Task data -
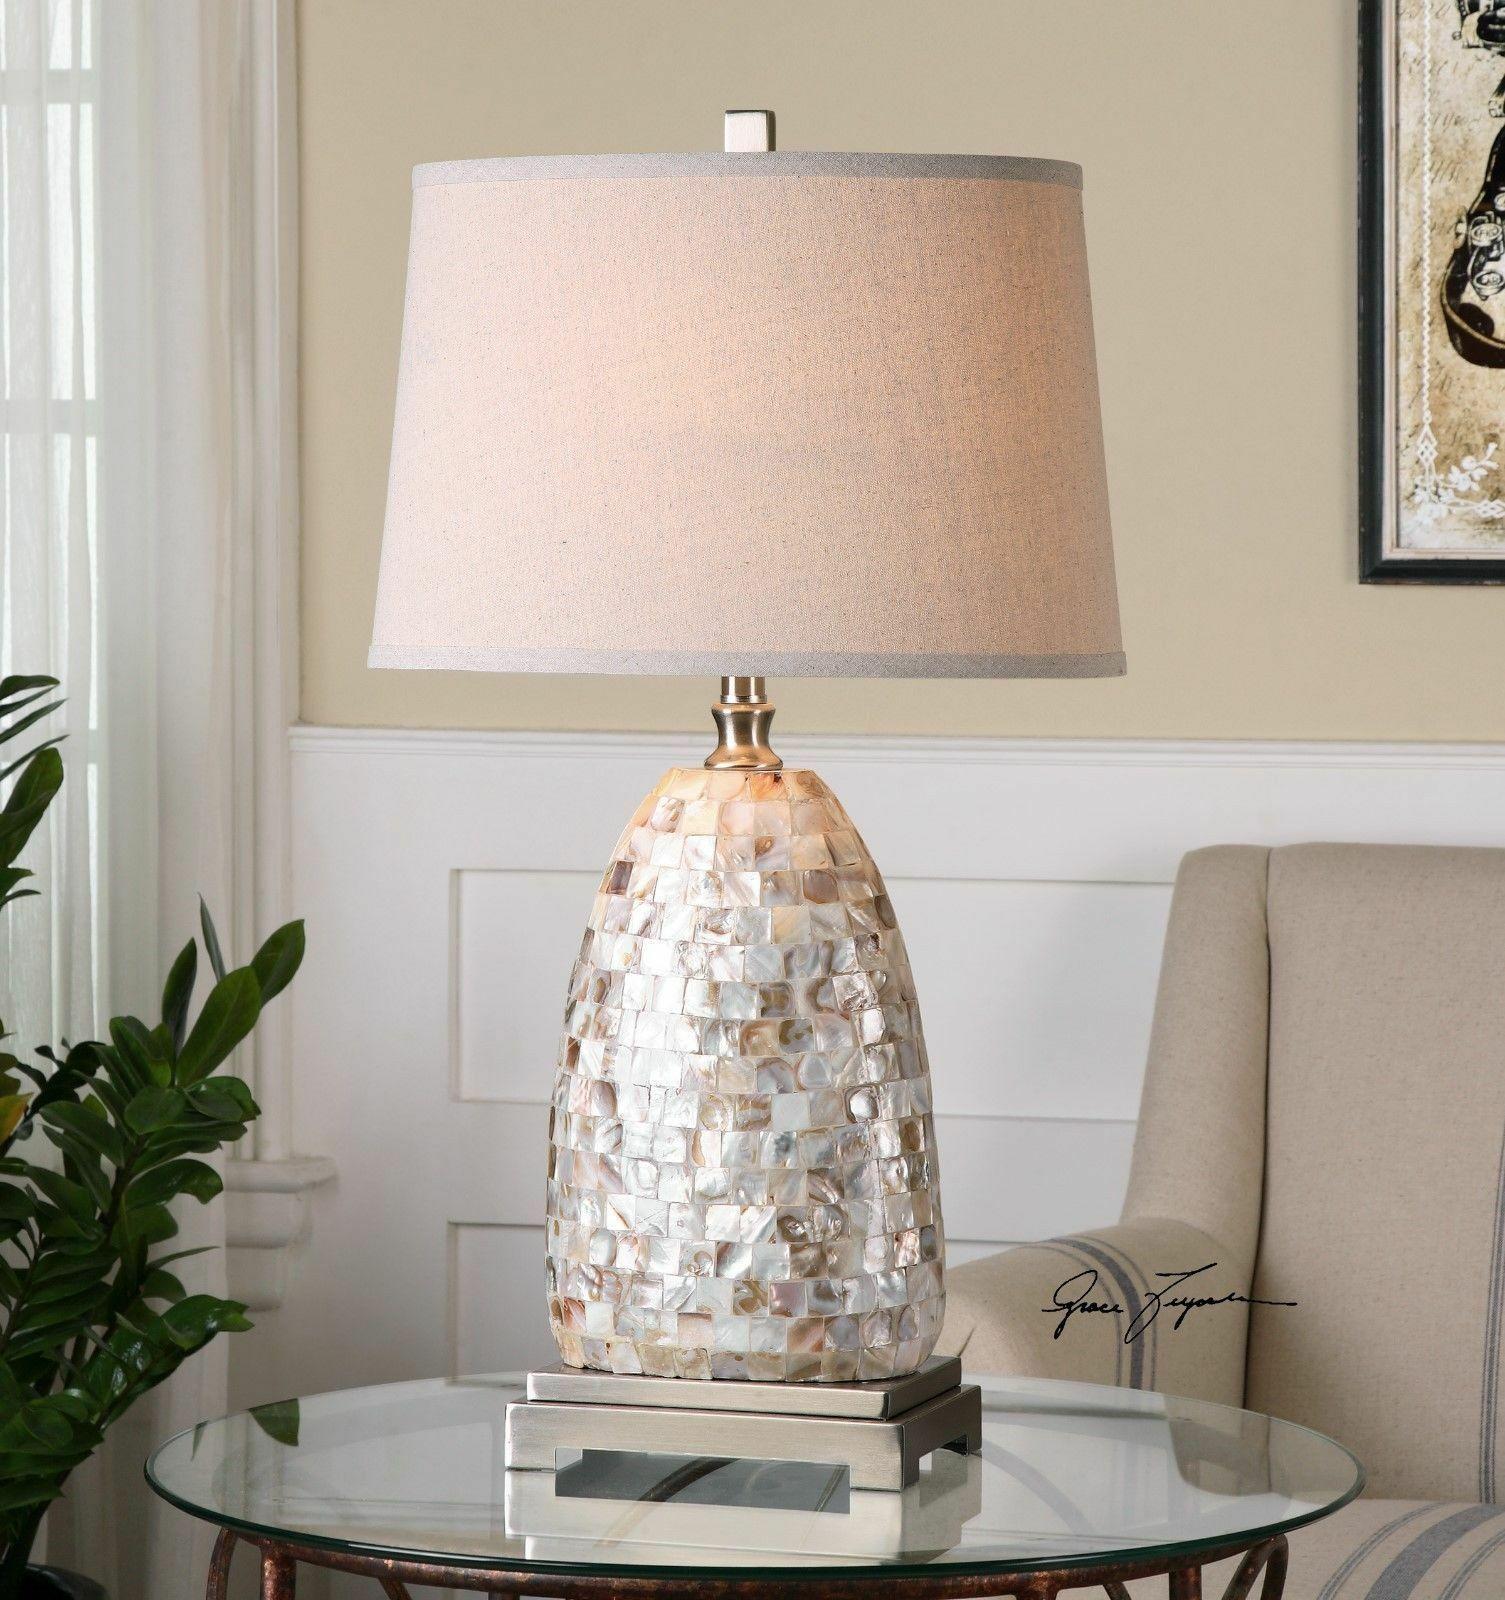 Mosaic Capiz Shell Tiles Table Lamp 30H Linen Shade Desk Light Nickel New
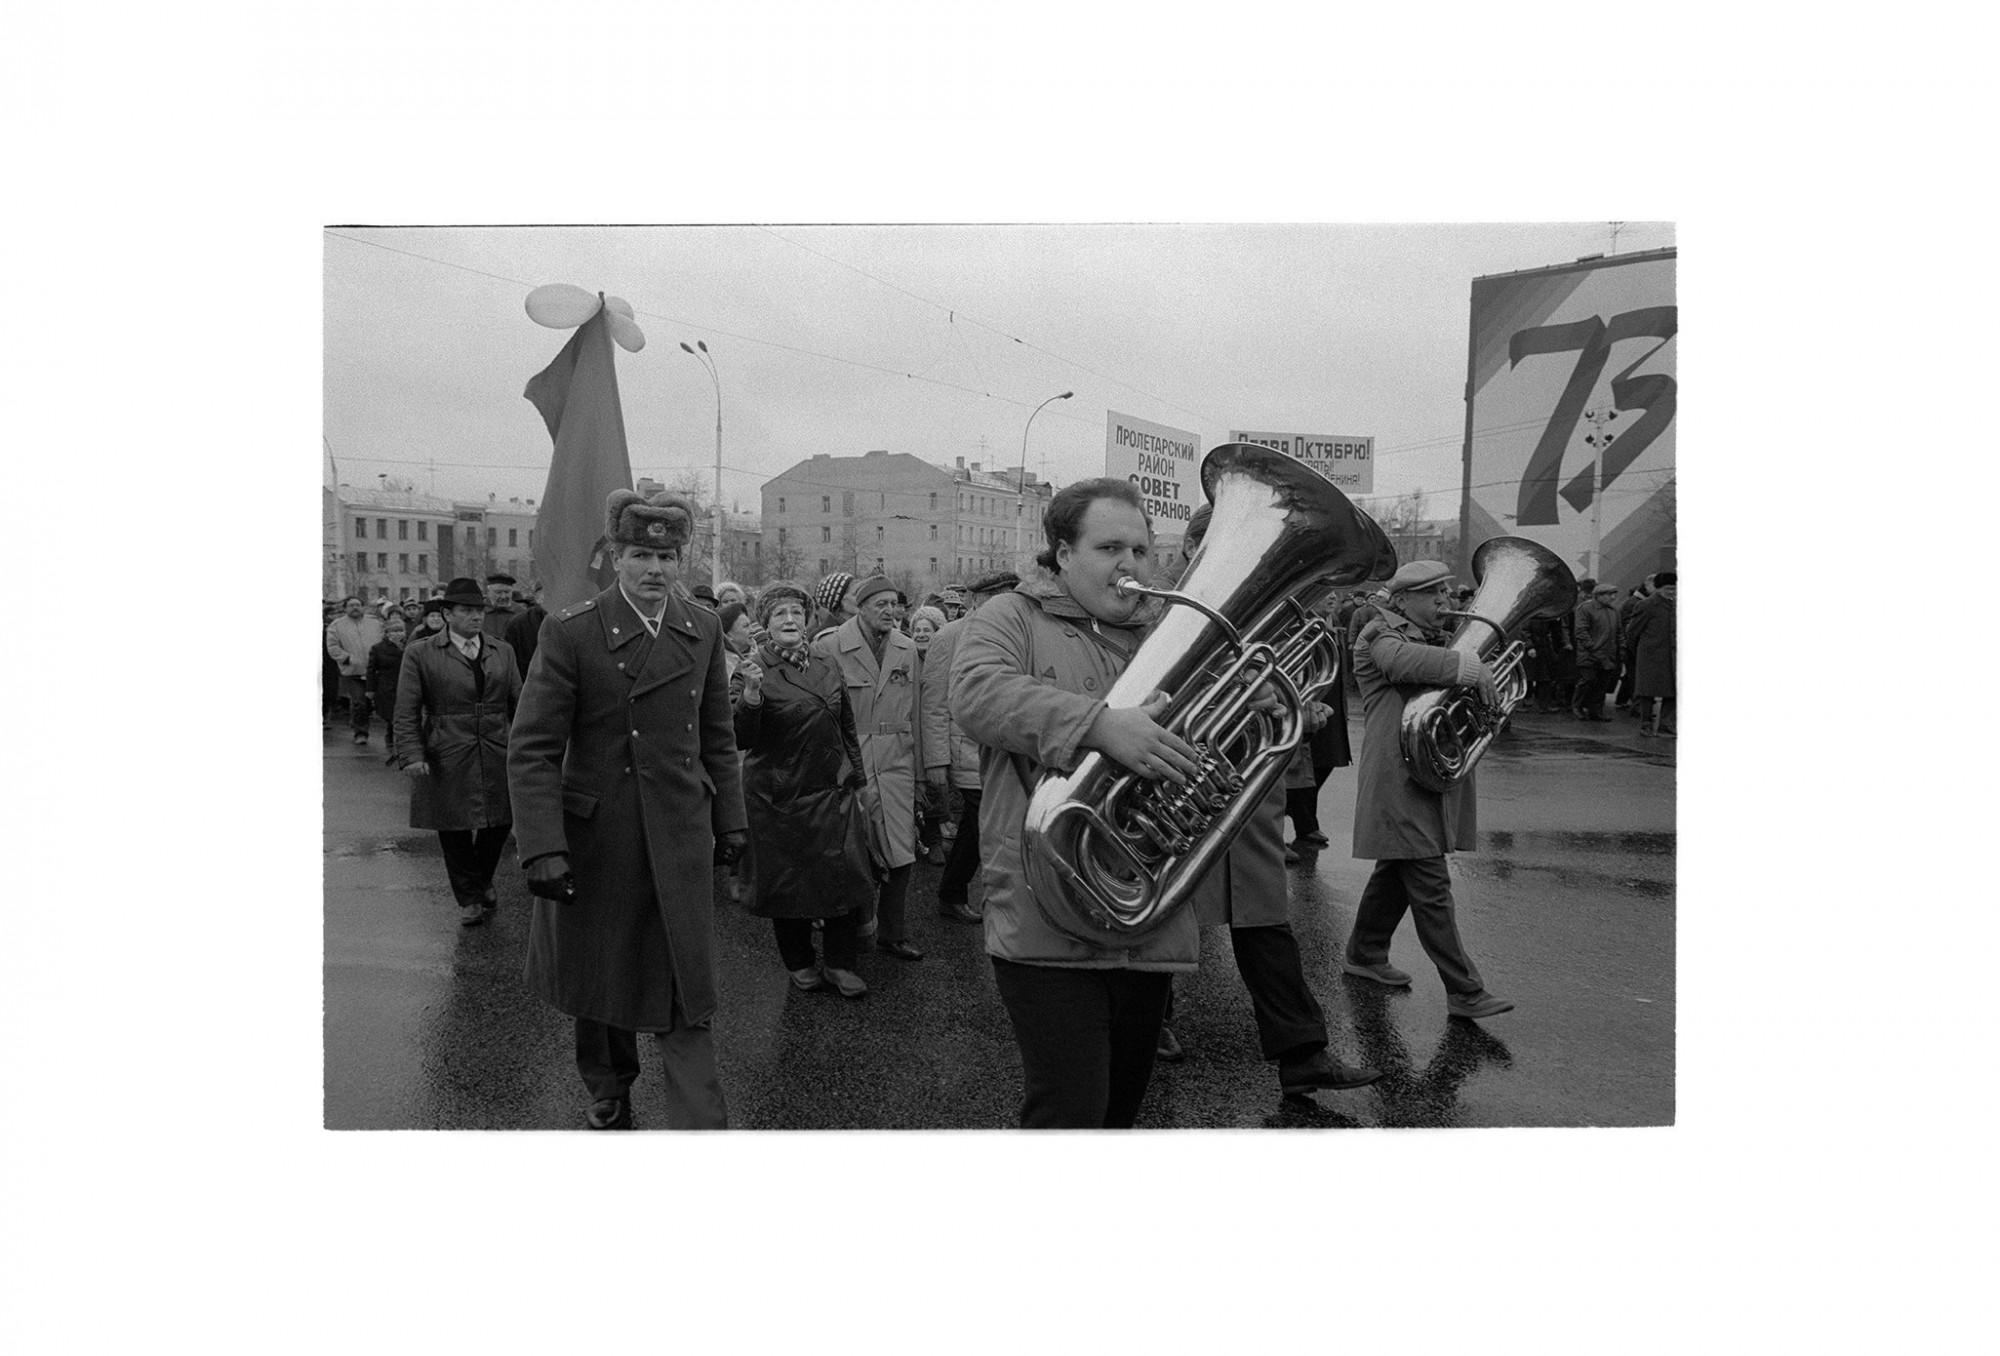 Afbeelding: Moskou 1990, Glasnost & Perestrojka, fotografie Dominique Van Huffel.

...

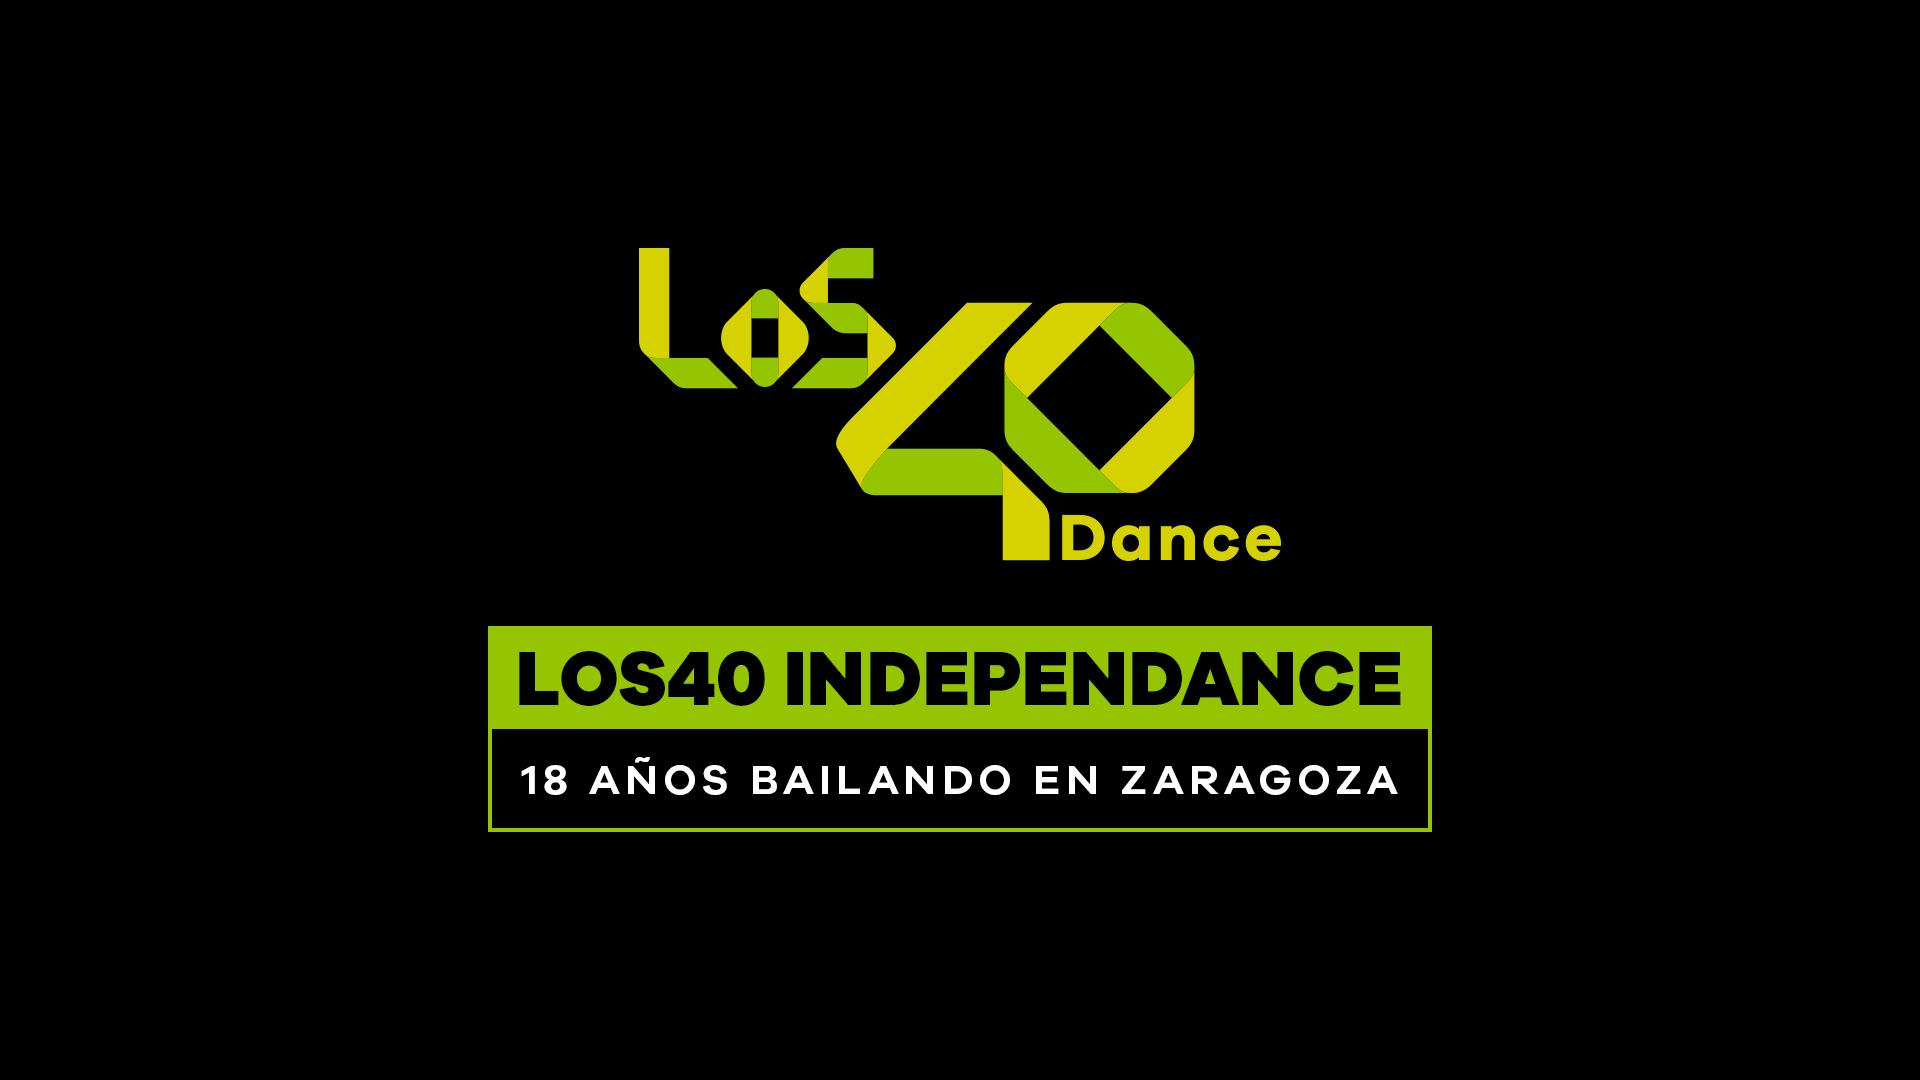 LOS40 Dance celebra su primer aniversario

To do -
Without the pictures, set down the lines above from the line with "Mosaic Capiz Shell" up to and including the line with "Afbeelding: Moskou 1990, Glasnost" exactly as they stand.

Your solution -
 Mosaic Capiz Shell Tiles Table Lamp 30H Linen Shade Desk Light Nickel New
 Afbeelding: Moskou 1990, Glasnost & Perestrojka, fotografie Dominique Van Huffel.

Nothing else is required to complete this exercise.